Remaining Profoundly Human in the AI Era
“In the era of artificial intelligence, when human dignity is threatened by new forms of dehumanization, ours is the pressing duty to remain profoundly human.”
― Pope Leo XIV, Magnifica Humanitas (no. 15)
On May 25, Pope Leo XIV released his first encyclical, Magnifica Humanitas – “the magnificence of humanity” – entering directly into the debate about one of the most difficult and urgent questions of our age: what artificial intelligence is doing to the human person and society.

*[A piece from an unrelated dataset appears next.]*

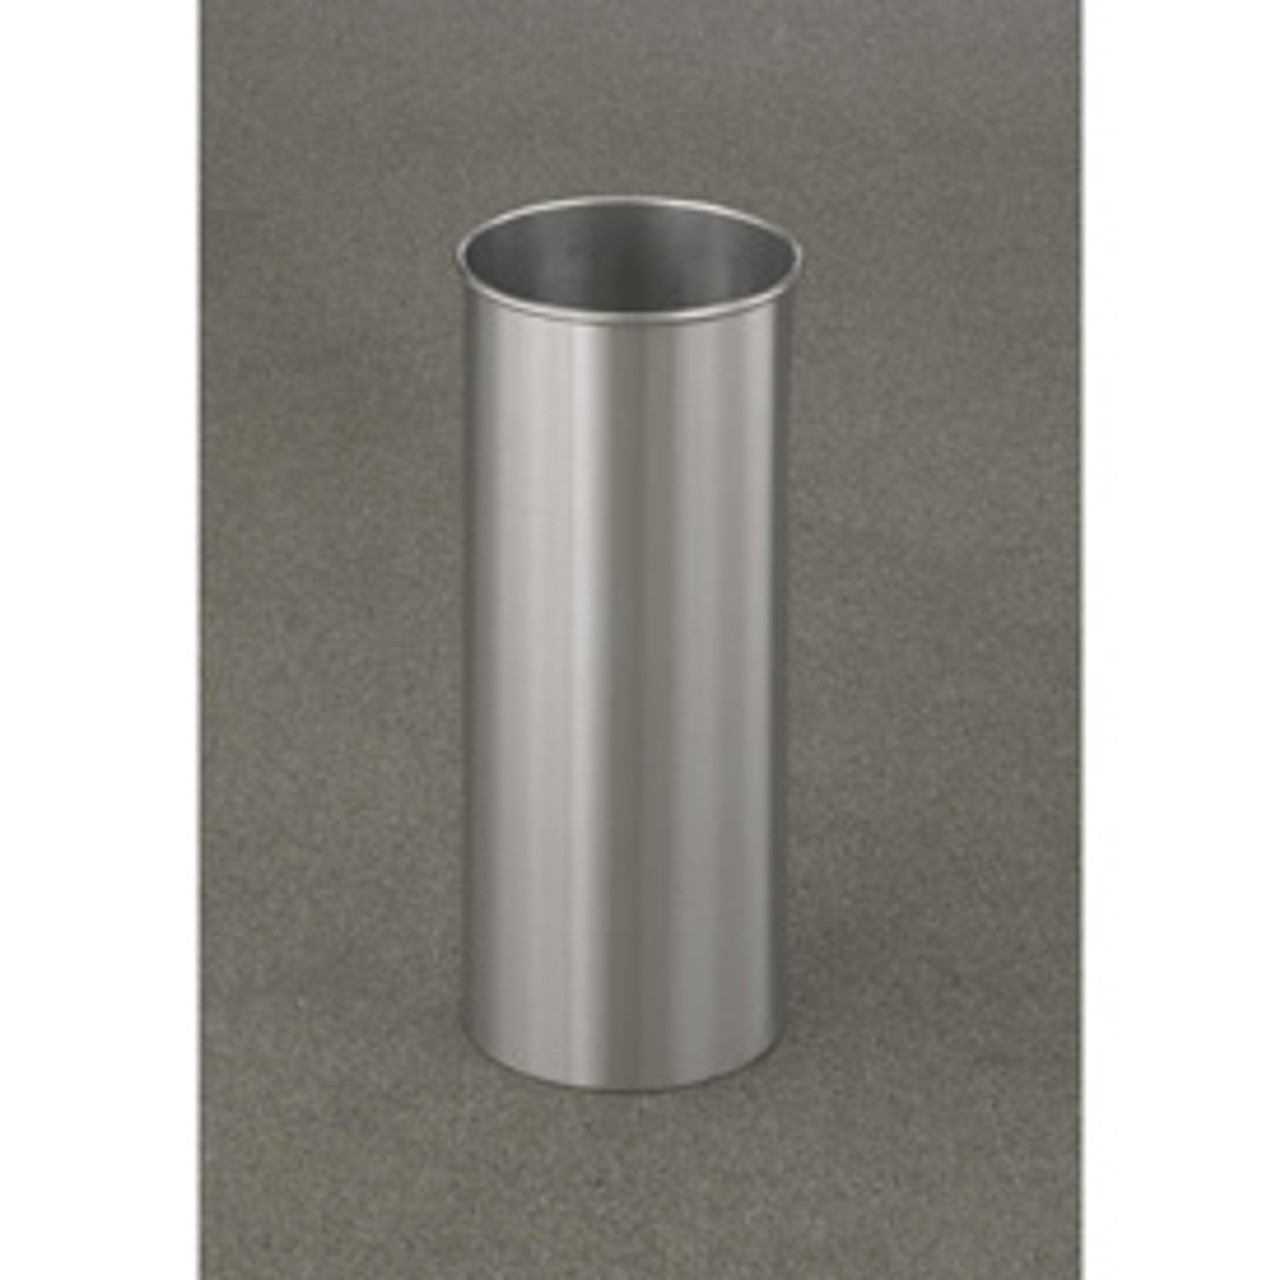 7 Gallon 9 x 23 Open Top Home Office Wastebasket Satin Aluminum
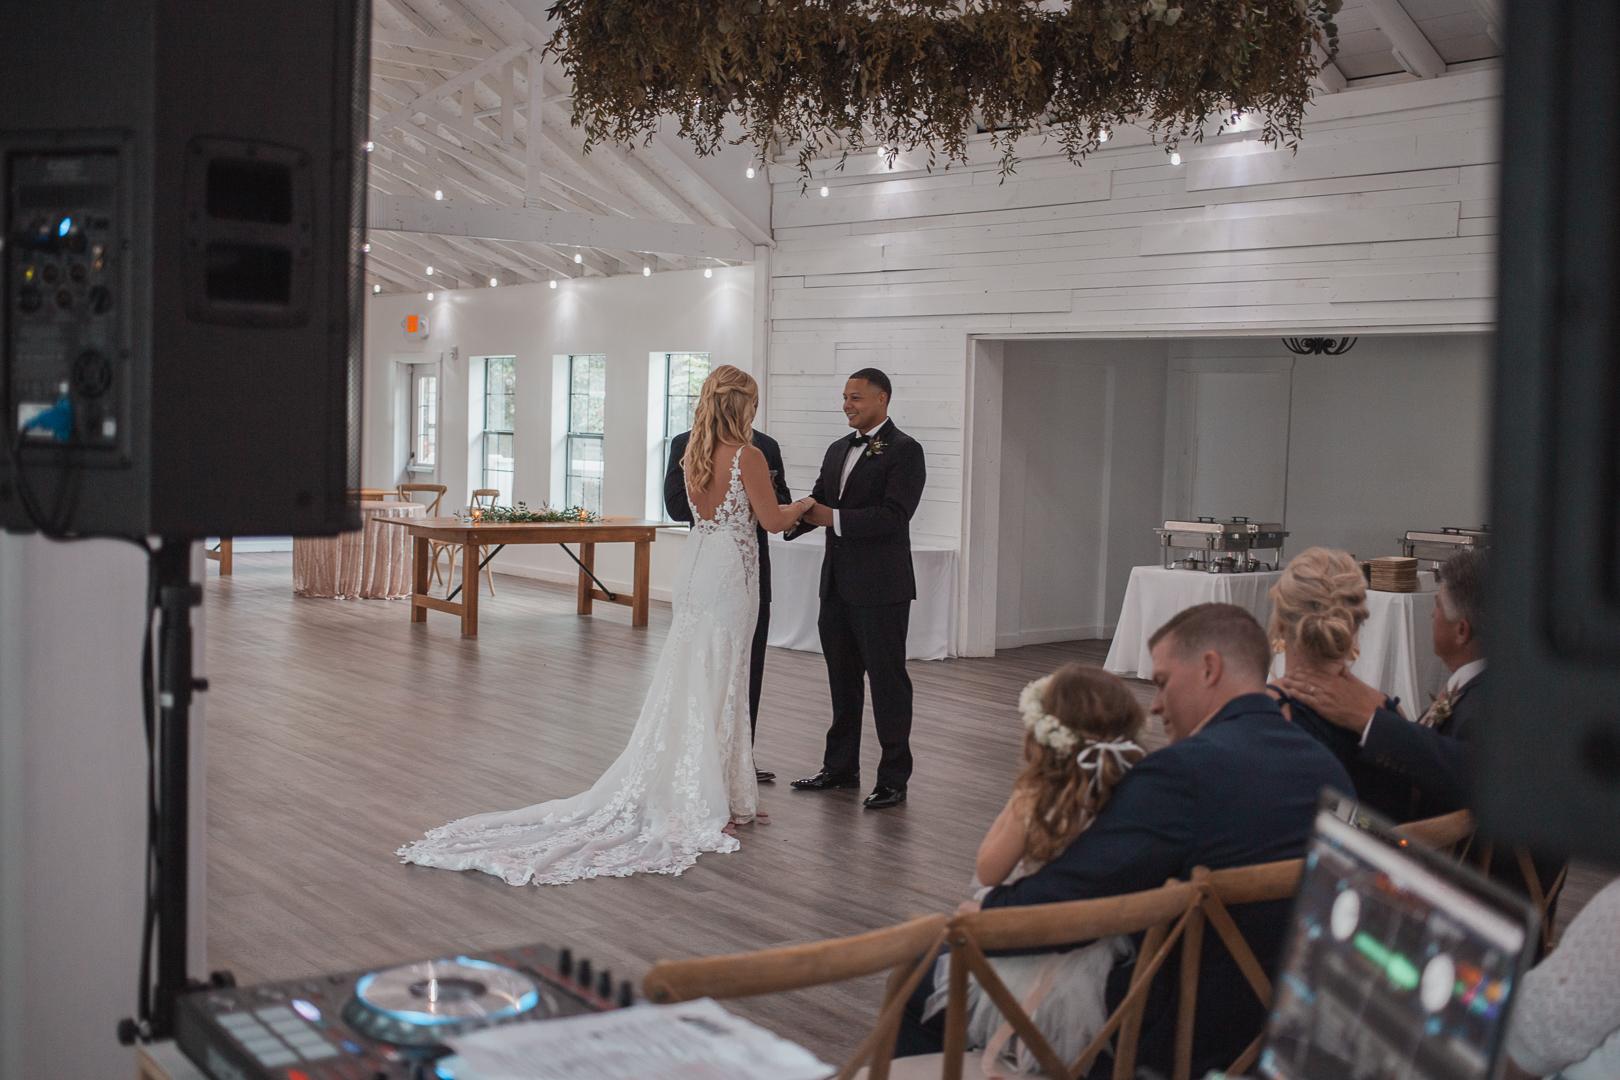 Aloson & Oree's Wedding (8-24-19) Edited5884.jpg

The Holy Father signed it on May 15, the 135th anniversary of Leo XIII’s Rerum Novarum, the document that gave shape to the Church’s social teaching amid the upheavals of the Industrial Revolution. This was no accident. As the first Leo brought the Gospel to bear on the machine age, this Leo brings it to bear on the age of the “thinking” machine.

Those looking for big tabloid-friendly bombshell headlines (e.g., “Pope Leo XIV condemns artificial intelligence as Satanic!”) will be disappointed. The encyclical is measured, and nuanced. It neither condemns artificial intelligence nor blesses it. Pope Leo refuses both the panic and the hype, instead bringing the deep wisdom of the Church’s teachings to one of the most fraught and complex issues of our time.
The Holy Father’s thesis is both simpler and more demanding: he reminds us that technology must be ordered to the dignity of the human person, and any technology that instead reduces the person to a thing – a profile, a defect, a problem to be solved –has betrayed its purpose, however technically impressive it may be.
Although the question of artificial intelligence might seem to be peripheral to the issues we deal with here at HLI, the document’s focus on human dignity makes it essential reading for pro-life and pro-family activists. The threats it names are not foreign to us. They are the very threats we have spent decades resisting, now wearing new and more sophisticated clothing.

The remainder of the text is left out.